Gerald took Phrynne by the arm. ‘Come on up.’

Before they

reached the door, Mrs Pascoe made a further attempt. ‘You’ll be all right if you stay. Really you will.’ Her voice, normally somewhat strident, was so feeble that the bells obliterated it. Gerald observed that from somewhere she had produced the whisky bottle and was refilling her tumbler.

With Phrynne on his arm he went first to the stout front door. To his surprise it was neither locked nor bolted, but opened at a half-turn of the handle. Outside the building the whole sky was full of bells, the air an inferno of ringing.

He thought that for the first time Phrynne’s face also seemed strained and crestfallen. ‘They’ve been ringing too long,’ she said, drawing close to him. ‘I wish they’d stop.’

‘We’re packing and going. I needed to know whether we could get out this way. We must shut the door quietly.’

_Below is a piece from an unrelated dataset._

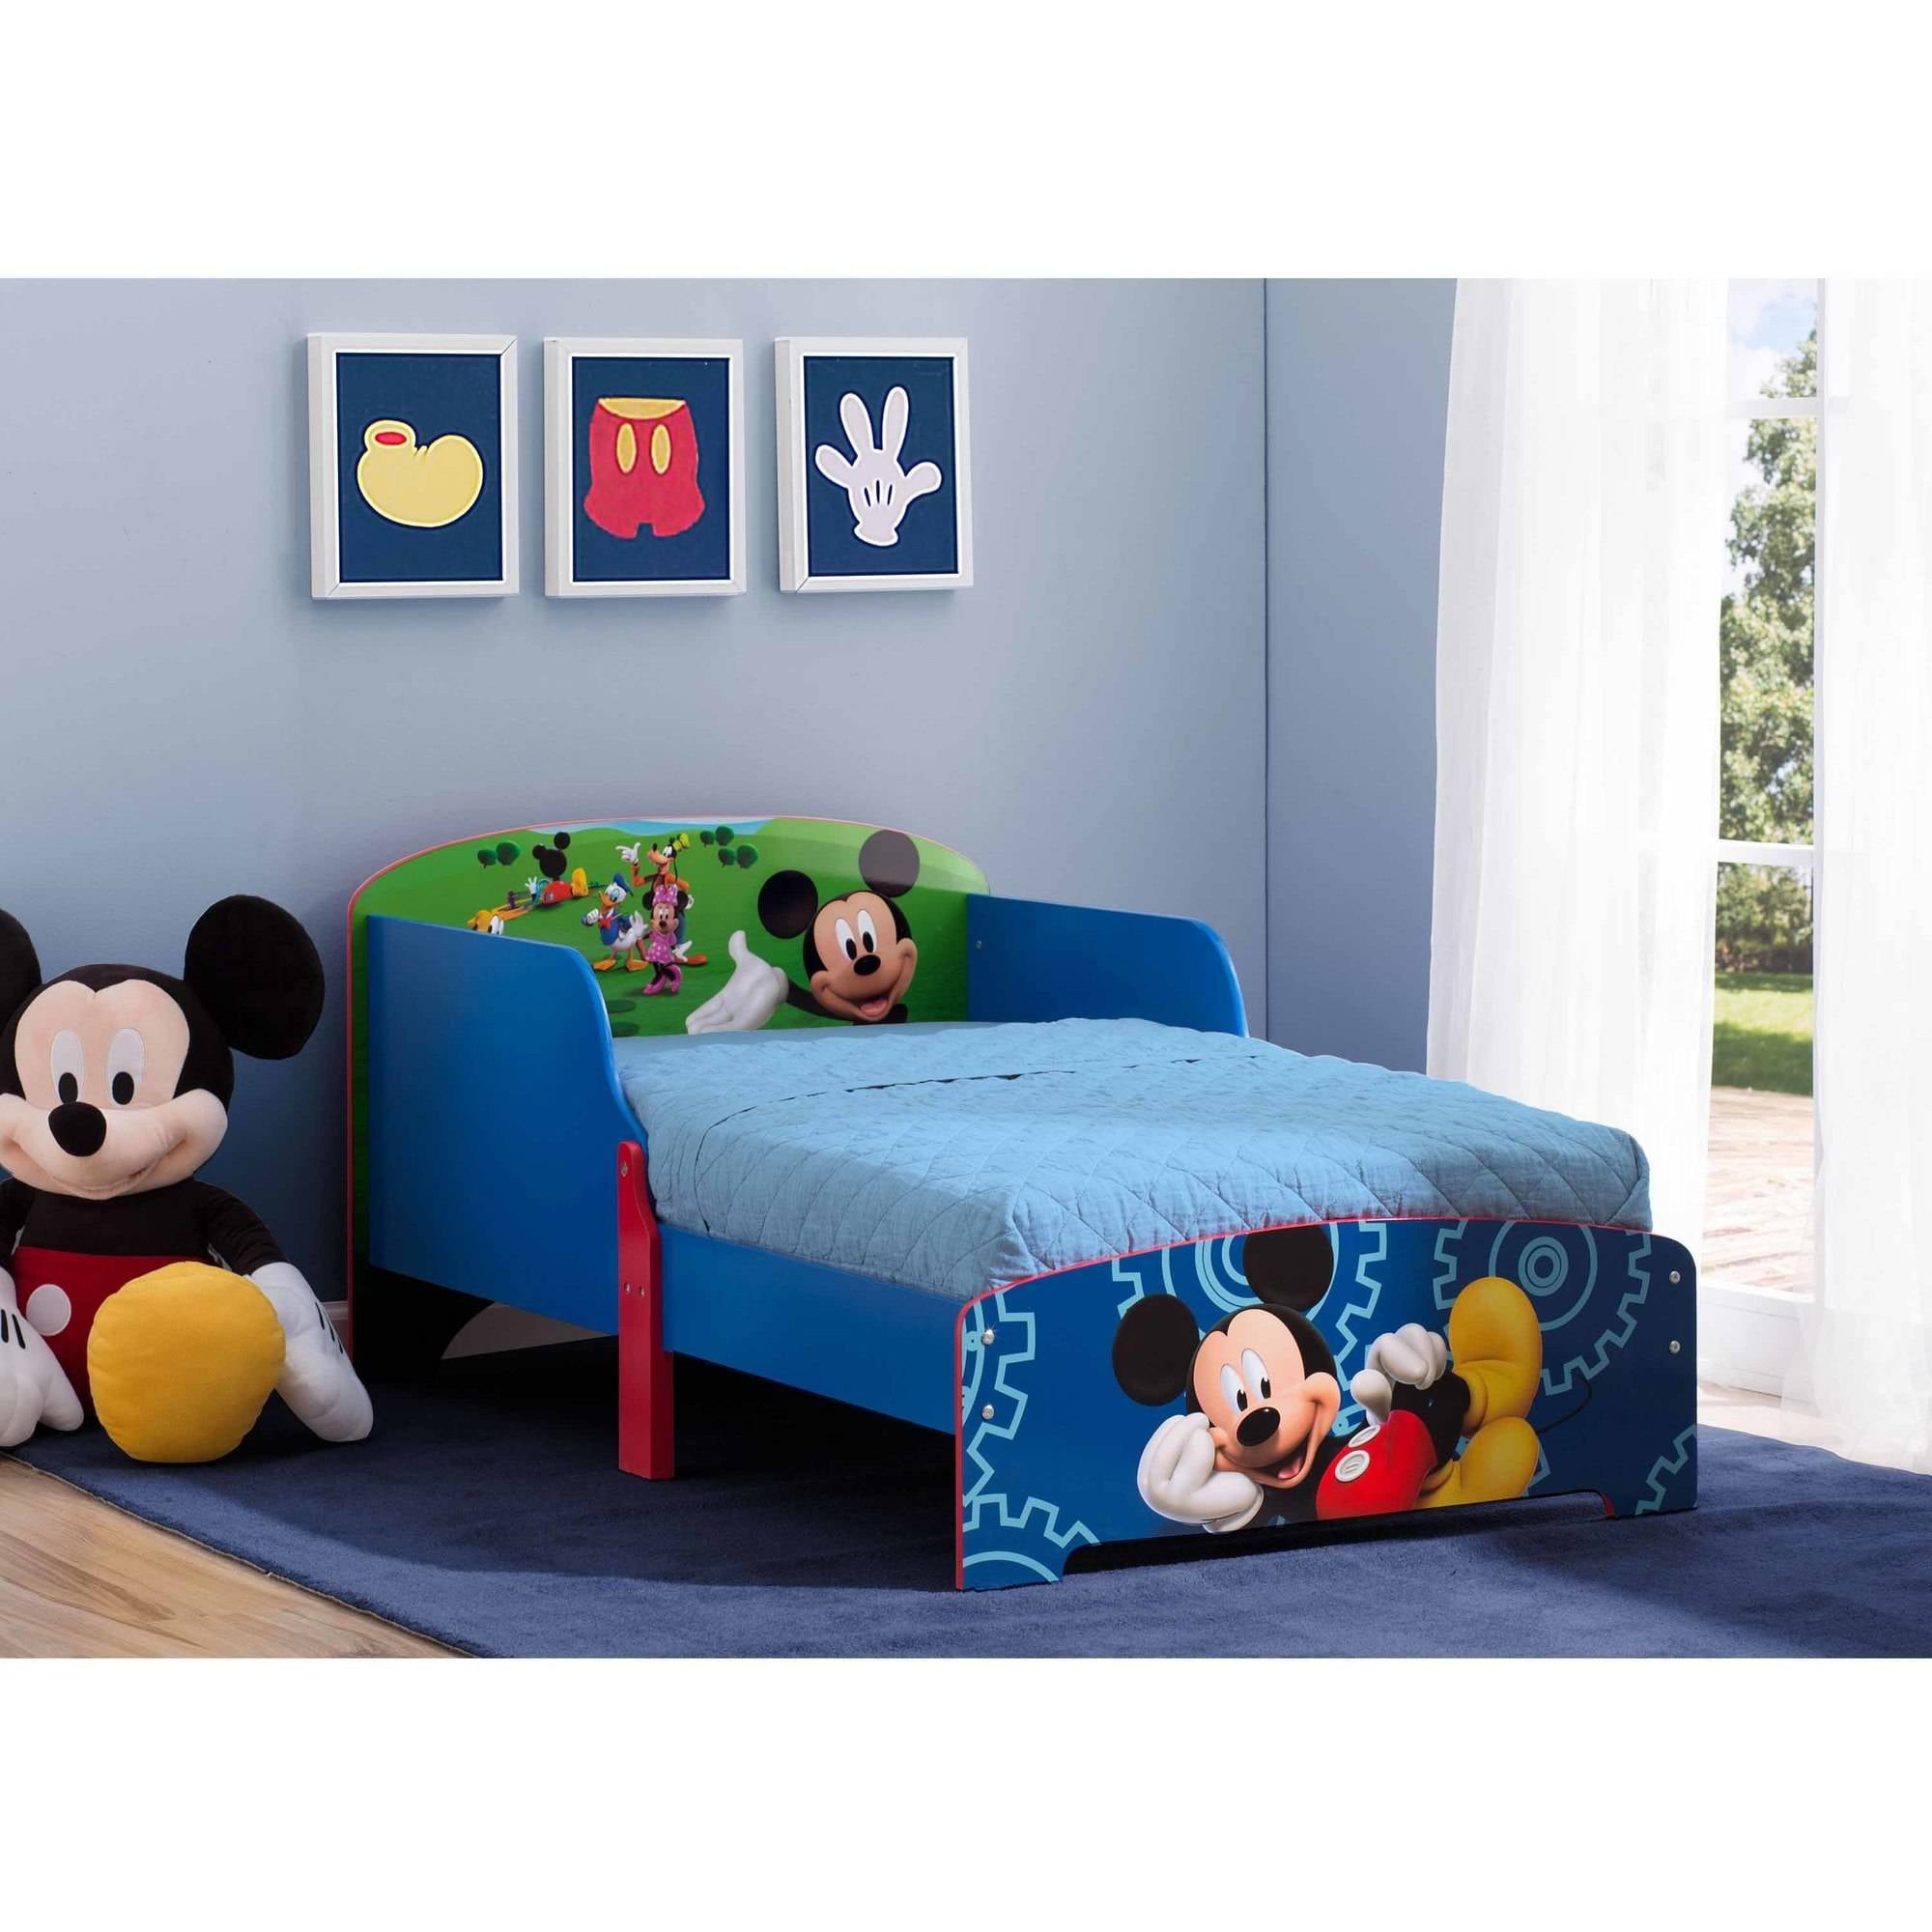 Delta Children Disney Mickey Mouse Wooden Toddler Bed, Blue

It creaked a bit on its hinges, and he hesitated with it half-shut, uncertain whether to rush the creak or to ease it. Suddenly, something dark and shapeless, with its arm seeming to hold a black vesture over its head, flitted, all sharp angles, like a bat, down the narrow ill-lighted street, the sound of its passage audible to none. It was the first being that either of them had seen in the streets of Holihaven; and Gerald was acutely relieved that he alone had set eyes upon it. With his hand trembling, he shut the door much too sharply.

But no one could possibly have heard, although he stopped for a second outside the Lounge. He could hear Mrs Pascoe now weeping hysterically; and again was glad that Phrynne was a step or two ahead of him. Upstairs the Commandant’s door lay straight before them: they had to pass close beside the Japanese figure, in order to take the passage to the left of it.

But soon they were in their room, with the key turned in the big rim lock.

‘Oh God,’ cried Gerald, sinking on the double bed. ‘It’s pandemonium.’ Not for the first time that evening he was instantly more frightened than ever by the unintended appositeness of his own words.

‘It’s pandemonium all right,’ said Phrynne, almost calmly. ‘And we’re not going out in it.’

He was at a loss to divine how much she knew, guessed, or imagined; and any word of enlightenment from him might be inconceivably dangerous. But he was conscious of the strength of her resistance, and lacked the reserves to battle with it.

She was looking out of the window into the main street. ‘We might will them to stop,’ she suggested wearily.

Gerald was now far less frightened of the bells continuing than of their ceasing. But that they should go on ringing until day broke seemed hopelessly impossible.

Then one peal stopped. There could be no other explanation for the obvious diminution in sound.